# Massive coolant leak from split hose attached to bottom of thermostat (1.4 Turbo), can't find ANY info on it



## hairofthedog92 (May 23, 2020)

Here is the hose in question. Any information would be golden right now. I have no vehicle to travel to work and times are hard right now.


----------



## Blasirl (Mar 31, 2015)

hairofthedog92 said:


> Here is the hose in question. Any information would be golden right now. I have no vehicle to travel to work and times are hard right now.


It is really difficult with only one reference pcture to tell, but I think that may be the reward lower hose coming off the water outet. To be sure though, look at this video at about 4:26 and let me know.


----------



## hairofthedog92 (May 23, 2020)

Blasirl said:


> It is really difficult with only one reference pcture to tell, but I think that may be the reward lower hose coming off the water outet.
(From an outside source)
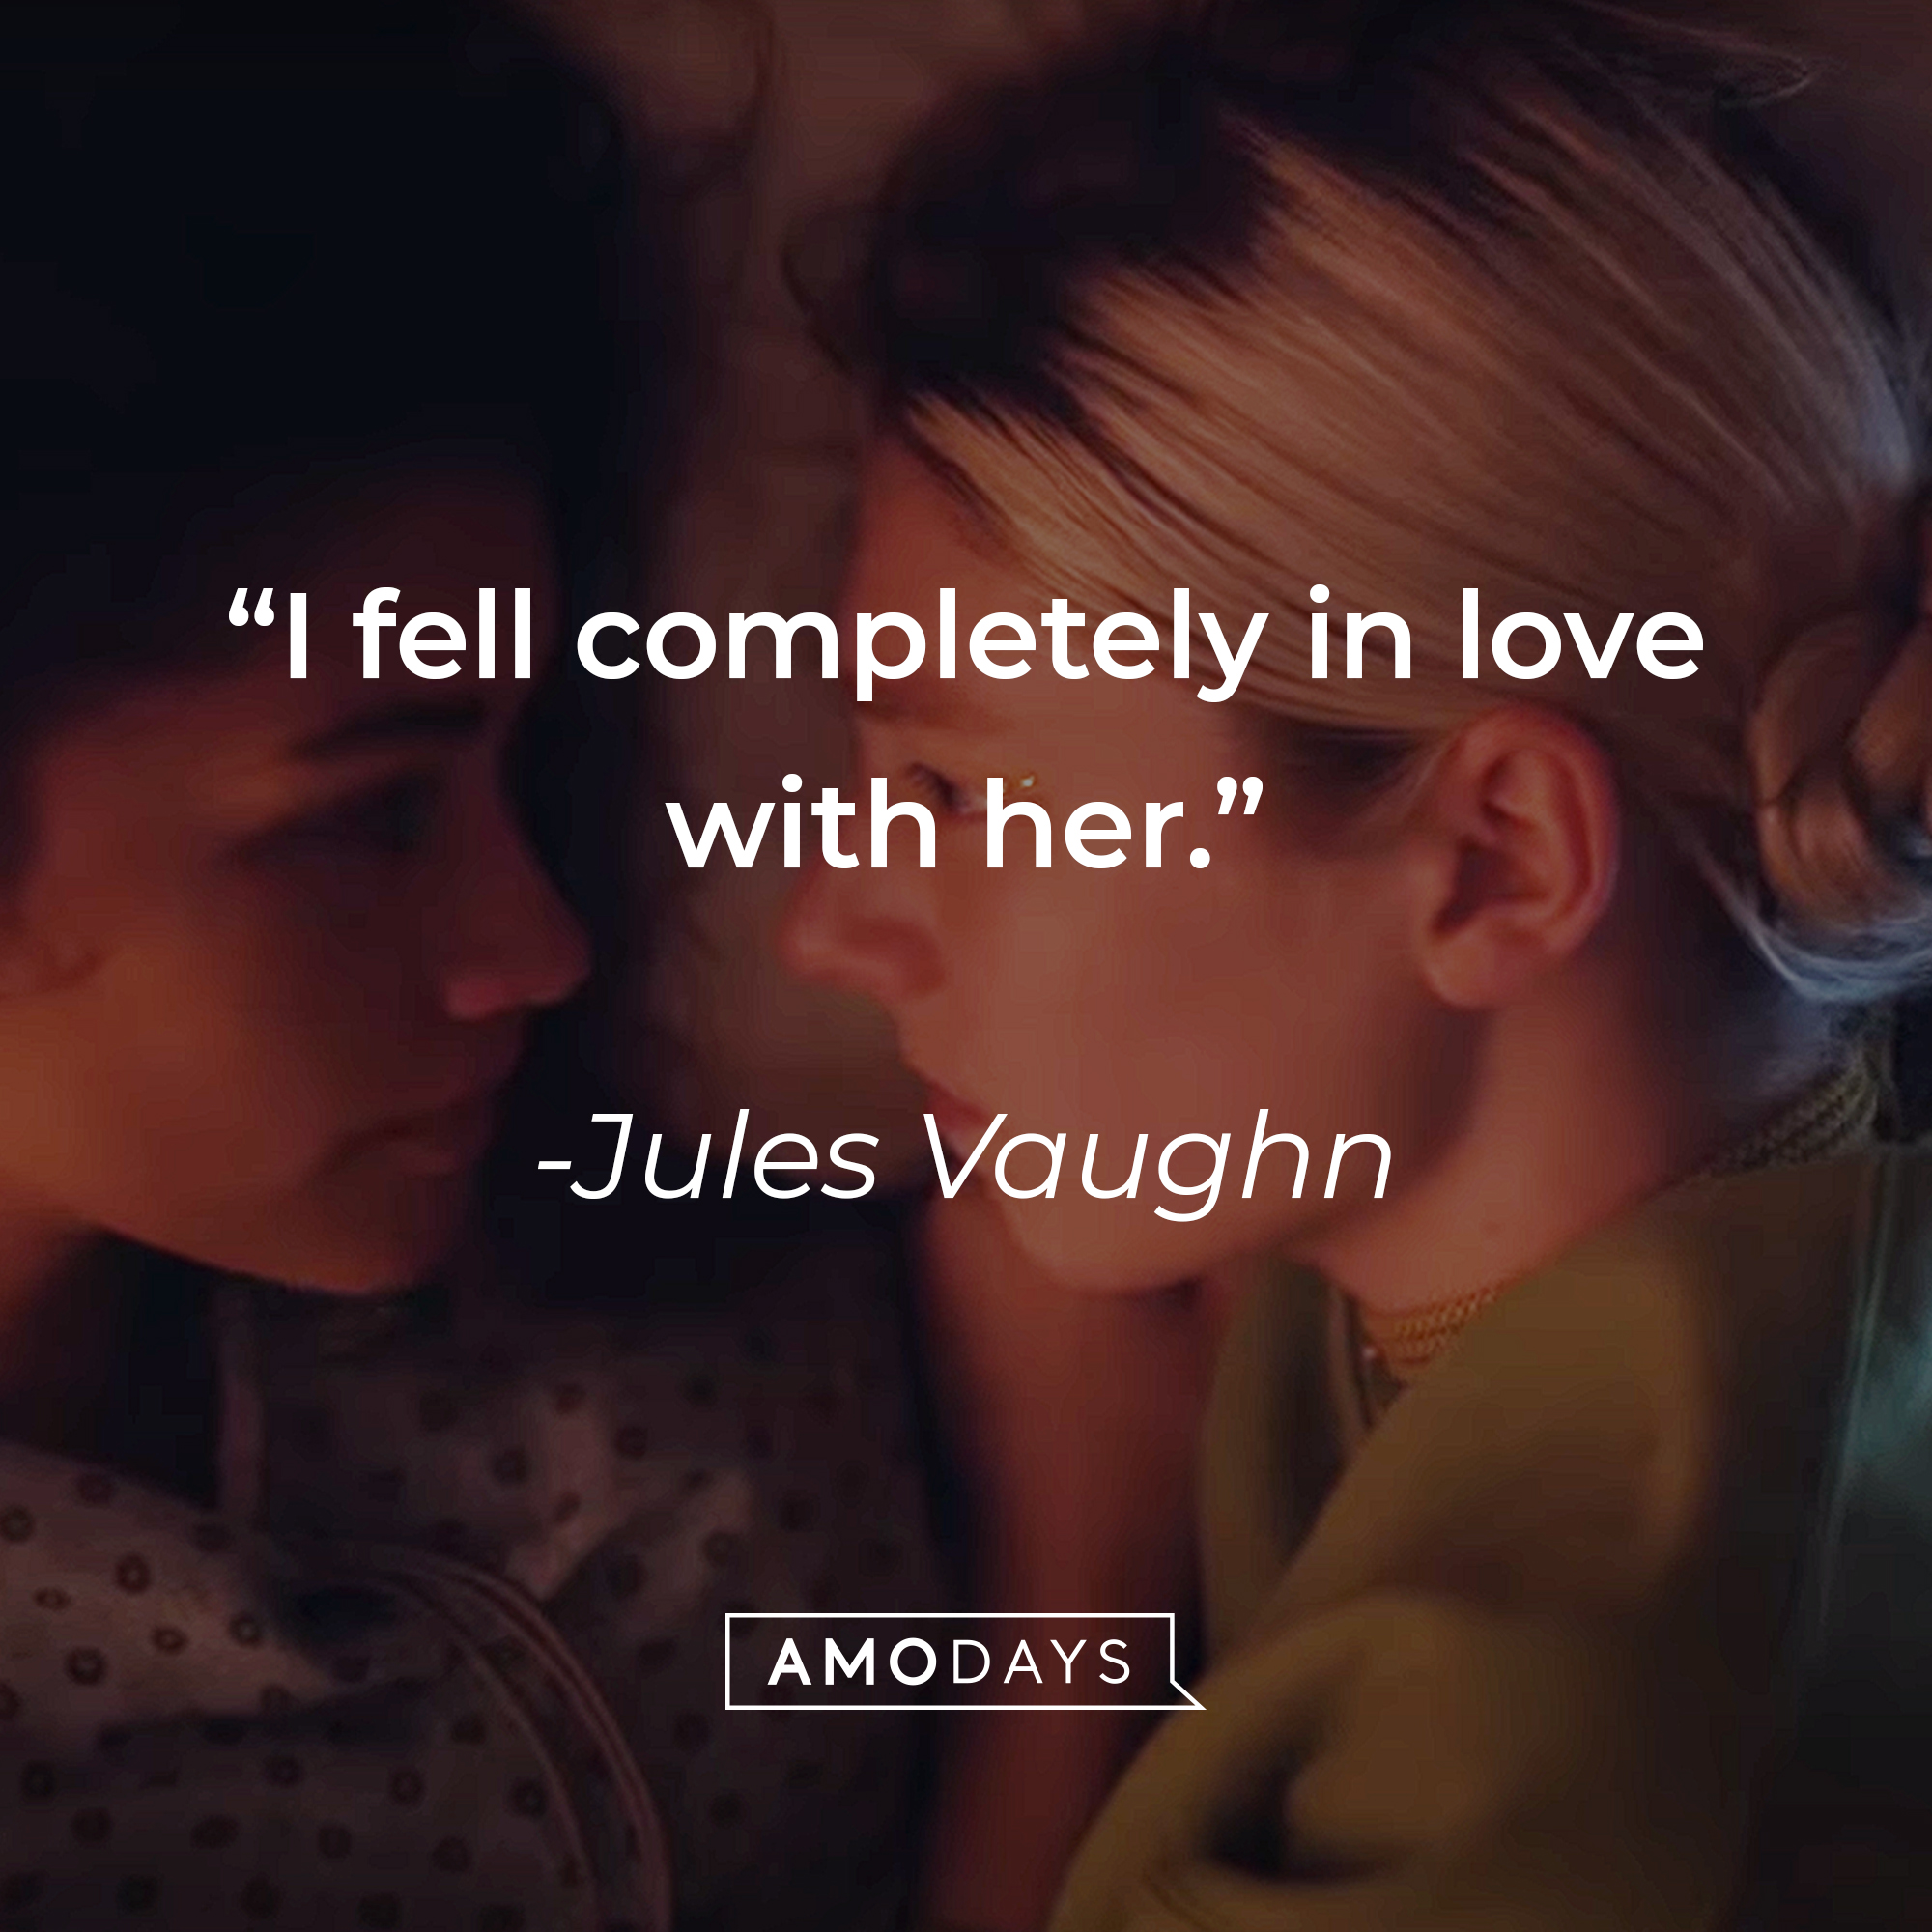 Jules Vaughn with her quote: "I fell completely in love with her." | Source: HBO

To be sure though, look at this video at about 4:26 and let me know.


I just found out within the last hour that this hose goes behind the exhaust manifold/turbo. Fml I have attached another pic I found from an obscure video replacing oil cooler lines. I'm at a loss for what to do.


----------



## hairofthedog92 (May 23, 2020)

I should have also mentioned this is on the passenger side near the water pump and not on the driver side where the water outlet is


----------



## hairofthedog92 (May 23, 2020)

Here's a better image, I've drawn on the picture to show the path of the hose better


----------



## Blasirl (Mar 31, 2015)

Here is a better picture.


----------



## hairofthedog92 (May 23, 2020)

Yes that's it. I'm in the process of messing with the Turbo and trying to get to this area, however it's proving difficult. 
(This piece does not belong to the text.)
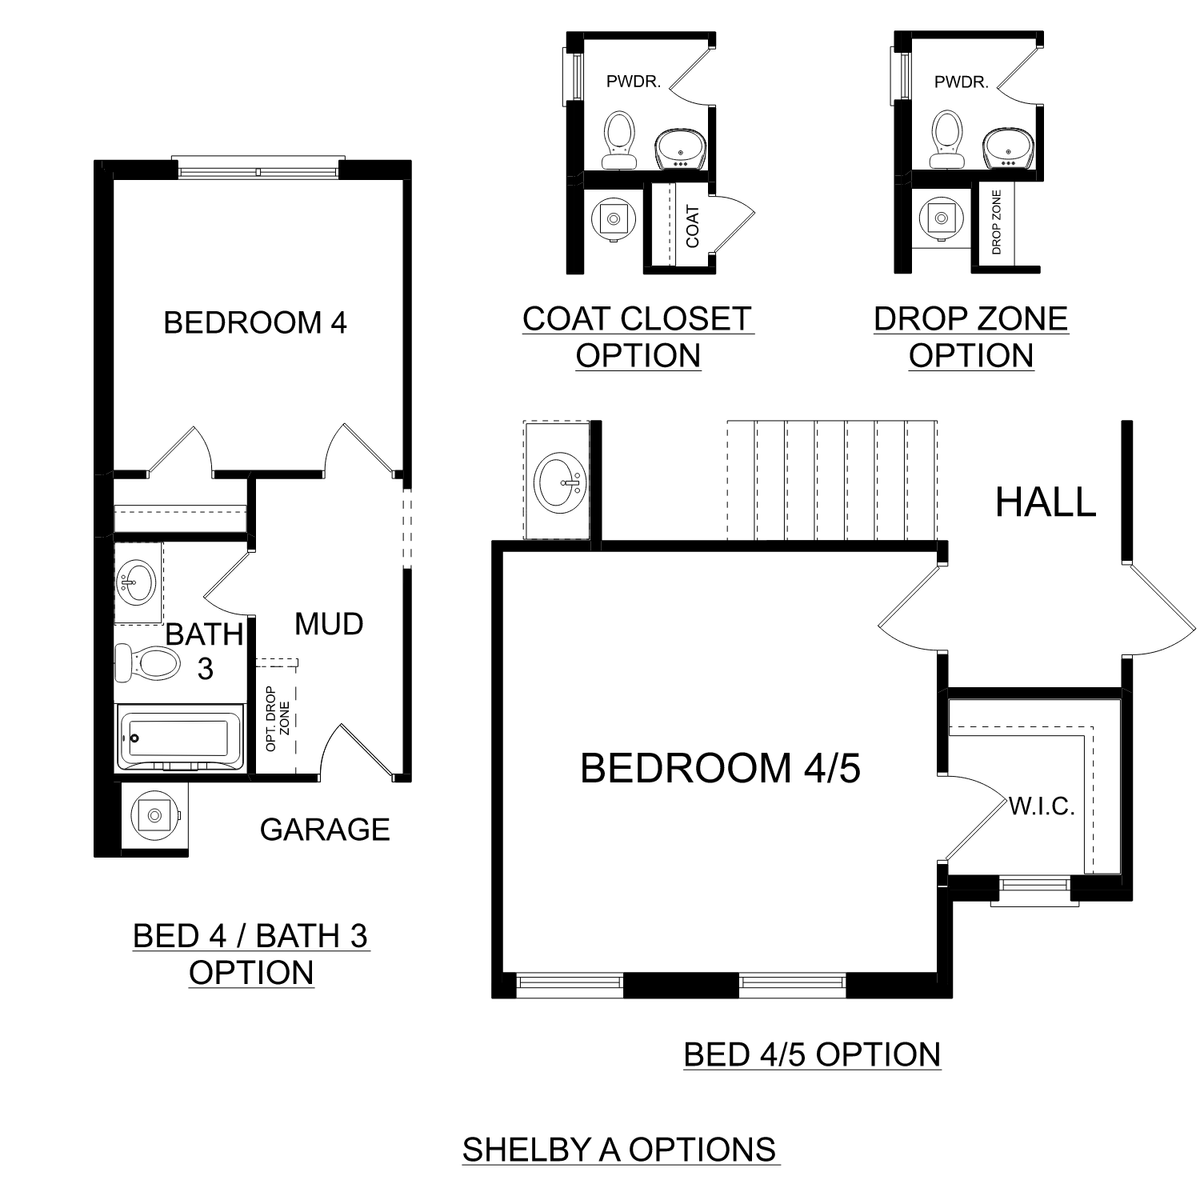 3 - The Shelby A buildable floor plan layout in Davidson Homes' Hollon Meadows community.

The car has numerous problems already, it's basically a lemon. But if it can still get me 2 miles down the road to my job and across the street to buy groceries, I want to do what I can to get it replaced.


----------



## Blasirl (Mar 31, 2015)

*Turbo charger coolant lines guide?*


The video explains how to get to it, but not replace it.
*



*













2011-2021 GM Turbocharger Coolant Return Pipe 55567067 | GetOEMParts.com


2011-2021 GM Turbocharger Coolant Return Pipe 55567067




www.getoemparts.com


----------



## TheRealHip (Sep 1, 2014)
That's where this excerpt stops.